SYSTEM_DESIGN

System Design: Returns & Refunds System

System design of a returns and refunds system handling return authorization, refund processing, reverse logistics, and fraud detection for e-commerce platforms.

16 min readUpdated Jan 15, 2025
system-designreturnsrefundsreverse-logistics

Requirements

Functional Requirements:

  • Customers initiate returns with reason selection and optional photo evidence
  • Return authorization (RMA) with printable shipping labels
  • Multiple refund methods: original payment, store credit, exchange
  • Automatic refund processing upon warehouse receipt and inspection
  • Return policy engine: configurable rules per product category, seller, and reason
  • Seller-managed returns for marketplace orders

Non-Functional Requirements:

  • Process 500K returns/day across all channels
  • Return initiation to RMA approval under 30 seconds (automated for eligible returns)
  • Refund processing within 24 hours of item receipt at warehouse
  • 99.9% availability for return initiation; 99.99% for refund processing
  • Fraud detection: identify serial returners and wardrobing patterns
  • Audit trail for every return decision and refund transaction

Scale Estimation

500K returns/day = 5.8 returns/sec. Each return: 2KB metadata + optional photos (average 2 photos × 500KB = 1MB). RMA decisions: 80% auto-approved = 400K/day processed automatically, 100K/day requiring manual review. Refund transactions: 500K/day = 5.8 TPS. Return shipments: 500K/day, each generating 5-10 tracking events = 3.75M tracking events/day. Historical data: 500K returns/day × 365 = 182.5M returns/year at 2KB = 365GB/year (excluding photos).

High-Level Architecture

The Returns & Refunds system follows an event-driven architecture with three main subsystems: Return Authorization, Reverse Logistics, and Refund Processing. The flow: Customer initiates return via Return Portal → Return Policy Engine evaluates eligibility (auto-approve or route to manual review) → RMA generated with shipping label → Customer ships item → Warehouse receives and inspects → Inspection result triggers Refund Service → Refund processed to original payment method or store credit.

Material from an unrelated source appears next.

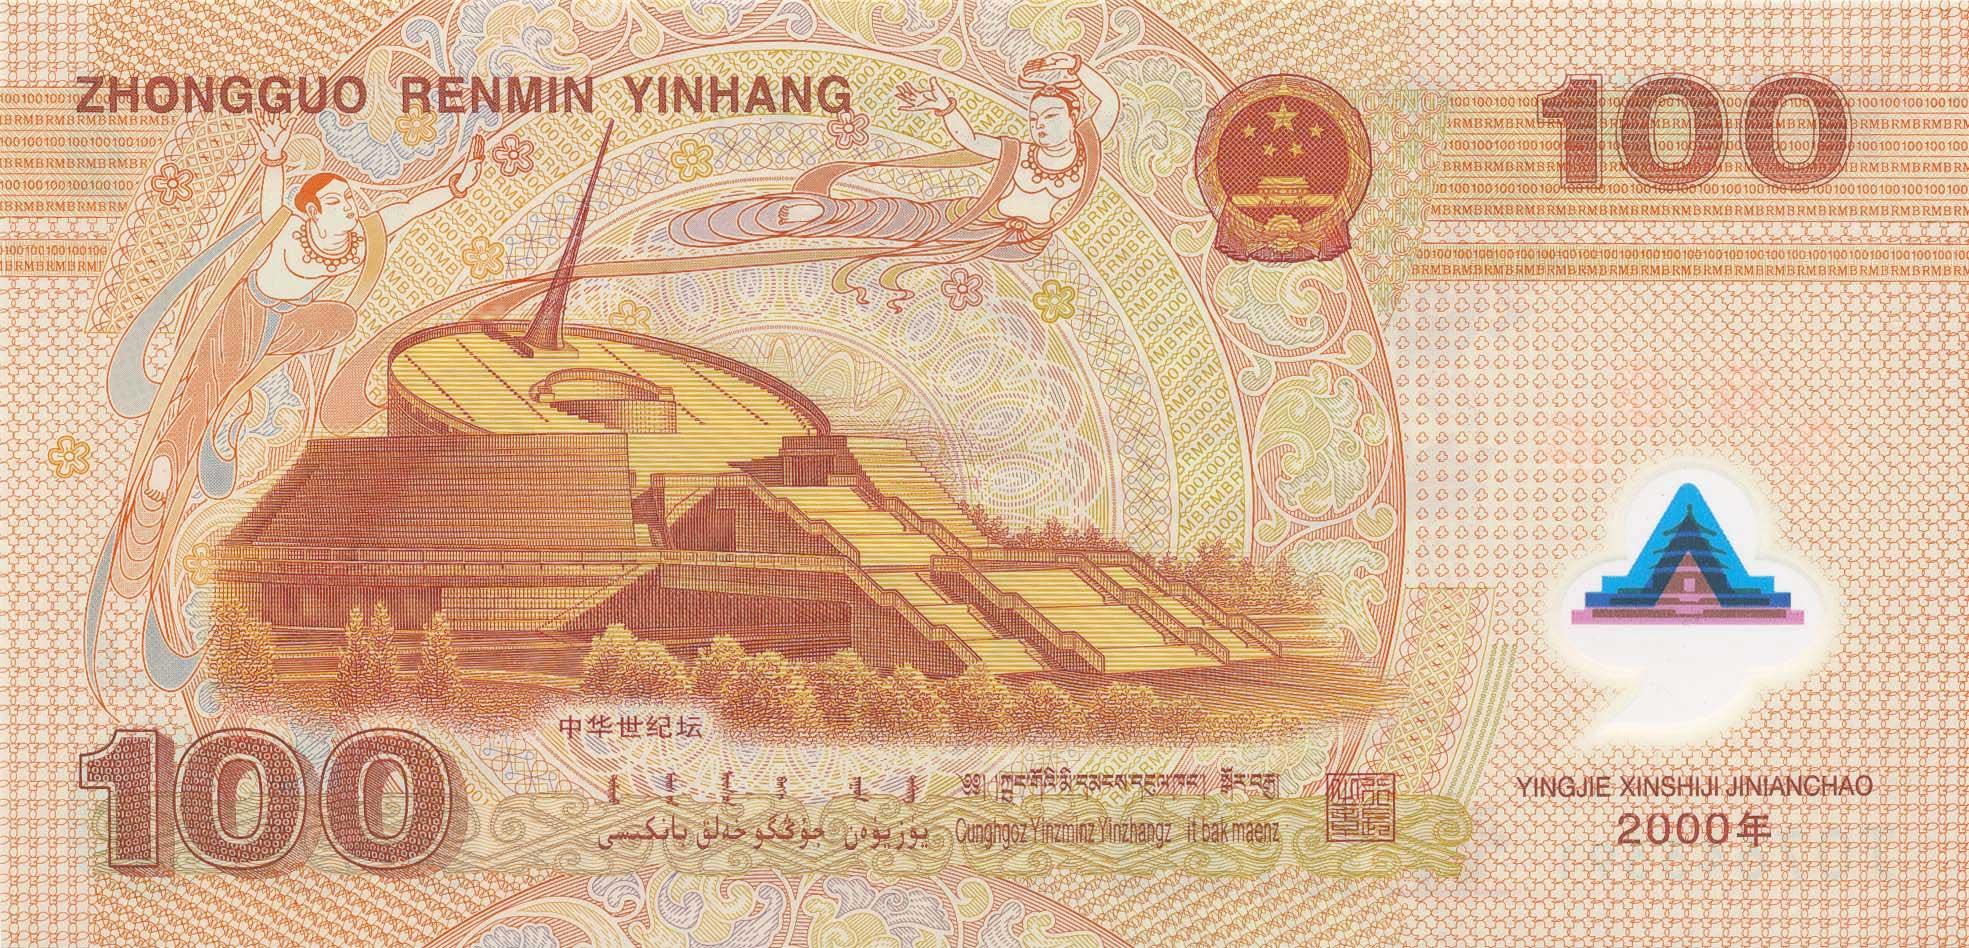 CHN-0902b-b

The Return Policy Engine is a rules engine (implemented with a decision table pattern) that evaluates: return window (is the item within the 30-day return period?), product category rules (electronics require original packaging, clothing has no restocking fee), customer return history (flagging serial returners), and reason-specific rules (defective items always accepted, 'changed mind' may require restocking fee). Auto-approved returns (80%) generate an RMA immediately. Flagged returns enter a manual review queue.

The Refund Service integrates with the Payment Service to process refunds. It supports partial refunds (return 2 of 3 items in an order), restocking fee deductions, and split refunds (partial original payment + partial store credit). All refund transactions are logged in an immutable ledger for financial reconciliation.

Core Components

Return Policy Engine

The policy engine uses a decision table stored in PostgreSQL: return_policies table (policy_id, category_id, seller_id, return_window_days INT, restocking_fee_pct DECIMAL, requires_photos BOOLEAN, requires_packaging BOOLEAN, auto_approve BOOLEAN, conditions JSONB). The conditions JSONB field supports complex rules: {"reason": {"defective": {"auto_approve": true, "no_restocking_fee": true}, "changed_mind": {"auto_approve": true, "restocking_fee": 15}}}. The engine evaluates policies in priority order: product-specific > category-specific > seller default > platform default. This allows sellers to customize return policies within platform guidelines.

Reverse Logistics Tracker

Once an RMA is issued, the system generates a prepaid shipping label via a carrier API (UPS, FedEx, USPS) and tracks the return shipment. The Tracking Service polls carrier APIs every 2 hours for status updates. When the item arrives at the warehouse, a warehouse worker scans the RMA barcode, triggering the Inspection Workflow: worker records item condition (new, like-new, used, damaged) and photos into the system. The inspection result is published to Kafka topic return-inspections and consumed by the Refund Service. For marketplace orders, the inspection result is also shared with the seller for transparency.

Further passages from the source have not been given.